Single spore isolation was performed on potato dextrose agar (PDA) plates following the methods described in Senanayake et al. (2020). Fungal herbarium specimens and axenic living cultures were deposited in the Herbarium of Cryptogams of the Kunming Institute of Botany, Chinese Academy of Sciences (KUN-HKAS) and Kunming Institute of Botany Culture Collection (KUNCC), Kunming, China. Faceoffungi and Index Fungorum numbers of novel species were registered (Jayasiri et al. 2015, http://www.indexfungorum.org/Names/Names.asp).
DNA extraction, PCR amplification, and sequencing
Fresh mycelia were scraped off from colonies on PDA plates and transferred to a 1.5-ml microcentrifuge tube using a sterilized lancet for genomic DNA extraction. The TOLOBIO Plant Genomic DNA Extraction Kit, Shanghai Co. Ltd. P.R. China was used to extract fungal genomic DNA, following the protocols in the manufacturer’s instructions. The DNA polymerase chain reaction (PCR) amplifications were performed by using primer pairs as follows: ITS5/ITS4 for internal transcribed spacer rDNA region and covered 5.8S ribosomal (ITS); LR0R/LR5 for the nuclear ribosomal large subunit 28S rDNA gene (LSU), and TEF1-983F/TEF1-2218R for TEF1-α (Vilgalys and Hester 1990; White et al. 1990). DNA template was carried out in 25 μL reaction volume containing 21 μL of 1 × Power Taq PCR Master Mix, 1 μL of each primer (10 μL stock) and 2 μL of genomic DNA template. Amplifications were carried out by using the BioTeke GT9612 thermocycler (Beijing City, China). The PCR amplification conditions for ITS and LSU consisted of initial denaturation at 98 °C for 3 minutes, followed by 35 cycles of denaturation at 98 °C for 20 seconds, annealing at 53 °C for 10 seconds, extension at 72 °C for 20 seconds, final extension at 72 °C for 5 minutes; the PCR amplification conditions for TEF1-α consisted of initial denaturation at 98 °C for 3 minutes, followed by 35 cycles of denaturation at 98 °C for 20 seconds, annealing at 64 °C for 10 seconds, extension at 72 °C for 20 seconds, final extension at 72 °C for 5 minutes. PCR products were visualized by using 1% agarose gel electrophoresis stained with ethidium bromide and distinct bands were checked in Gel documentation system (Compact Desktop UV Transilluminator analyzer GL-3120). The PCR products were sequenced by Tsingke Company, Beijing, P.R. China.
Phylogenetic analyses
The sequences were uploaded in GenBank database (http://www.ncbi.nlm.nih.gov/blast/) to search for similar taxa. Sequences generated from the LSU, TEF1-α and ITS gene regions were carefully verified before further analyses. The new sequences were submitted to GenBank, and the strain information used in this paper was provided in Table 1. Multiple sequence alignments were aligned with MAFFT v.7 (Katoh and Standley 2016) http://mafft.cbrc.jp/alignment/server/index.html] and dataset was trimmed by TrimAlv.1.3 using the gappyout option (http://phylemon.bioinfo.cipf.es/utilities.html) (Capella-Gutierrez et al. 2009). A combined sequence dataset was performed with the SquenceMatrix v.1.7.8 (Vaidya et al. 2011).
Table 1.
Strains used for phylogenetic analyses and their corresponding GenBank numbers. The newly generated sequences are in cells with light grey shading and the type strain are in bold font.

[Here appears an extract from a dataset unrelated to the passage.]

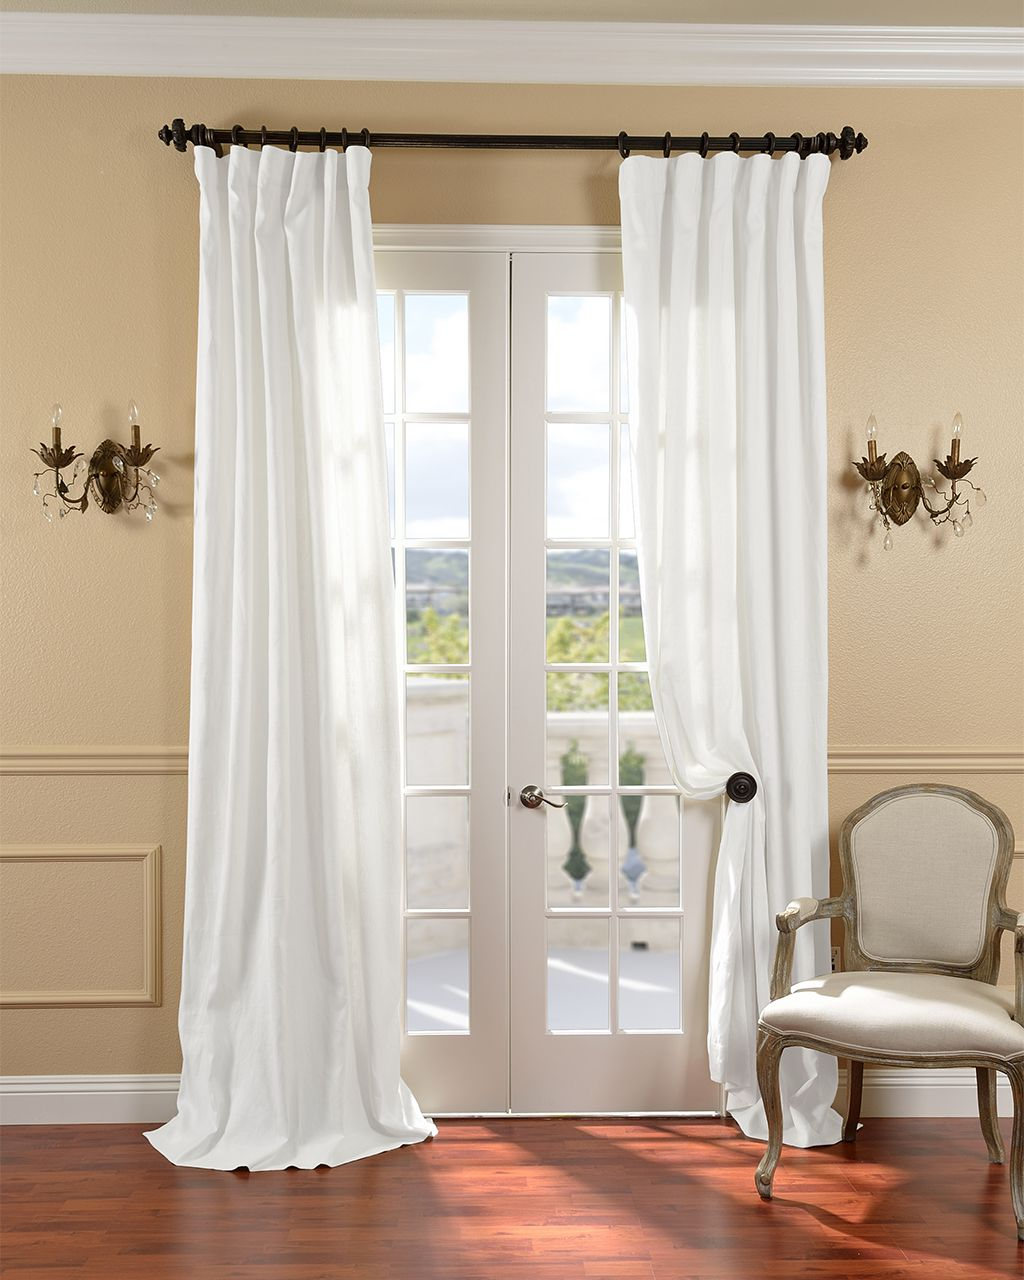 Linen window treatments - White Window Treatments

Maximum likelihood (ML) analysis was performed by RAxML-HPC2 v.8.2.12 (Stamatakis 2014) in the CIPRES Science Gateway web server (http://www.phylo.org/portal2) by using 1,000 rapid bootstrap replicates and the GTRGAMMA+I model. Bootstrap support values for ML equal to or greater than 75% were given above the nodes in the phylogenetic tree (Fig. 1). The model of evolution for the Bayesian inference (BI) analysis was performed by using MrModeltest v2.3 (Nylander 2004). GTR+I+G was selected as the best-fitting model for LSU, TEF1-α and ITS dataset. The Markov chain Monte Carlo sampling (BMCMC) was carried out to assess posterior probabilities (PP) by using MrBayes v.3.2.7 (Ronquist et al. 2012). Six simultaneous Markov chains were run for random trees for 1,000,000 generations, and trees were sampled every 200th generation. Bayesian posterior probabilities (PP) equal to or greater than 0.95 were given above the nodes in the phylogenetic tree (Fig. 1). Phylograms were visualized by using FigTree v1.4.0 (Rambaut 2012) and rearranged in Adobe Photoshop CS6 software (Adobe Systems, USA). The new sequences were deposited in GenBank (Table 1), and the final alignments and phylogenetic tree were registered in TreeBASE under the submission ID: 30133 (http://www.treebase.org/).
Figure 1.
Maximum likelihood (ML) tree is based on combined LSU, TEF1-α and ITS sequence data. ML bootstrap support values equal to or greater than 70% and Bayesian posterior probabilities (PP) equal to or greater than 0.95 given above the nodes, shown as “ML/PP”. The tree is rooted with Pseudostanjehughesiaaquitropica (MFLUCC 16-0569) and P.lignicola (MFLUCC 15-0352). New species are indicated in red and type strains are in bold.
Results
Phylogenetic analyses
The concatenated sequence dataset of LSU, TEF1-α and ITS, comprised 39 strains with Pseudostanjehughesiaaquitropica (MFLUCC 16-0569) and P.lignicola (MFLUCC 15-0352) as the outgroup taxa (Fig. 1). The datasets contained 2,168 characters including gaps after alignments (LSU: 1–763 bp, -α = 764–1,660 bp, ITS: 1,661–2,168 bp). The RAxML analysis of the combined datasets yielded a best scoring tree with a final ML optimization likelihood value of -15404.143090. The aligned sequences matrix comprised 849 distinct alignment patterns with 6.45% of undetermined characters or gaps. Estimated base frequencies were as follows: A = 0.229844, C = 0.282249, G = 0.282387, T = 0.205520, with substitution rates AC = 0.921073, AG = 2.039438, AT = 1.172967, CG = 0.817703, CT = 5.518393, GT = 1.000000; gamma distribution shape parameter α = 0.0010000000. The tree topologies of combined sequence data obtained from ML and BI analyses were not significantly different (Fig. 1).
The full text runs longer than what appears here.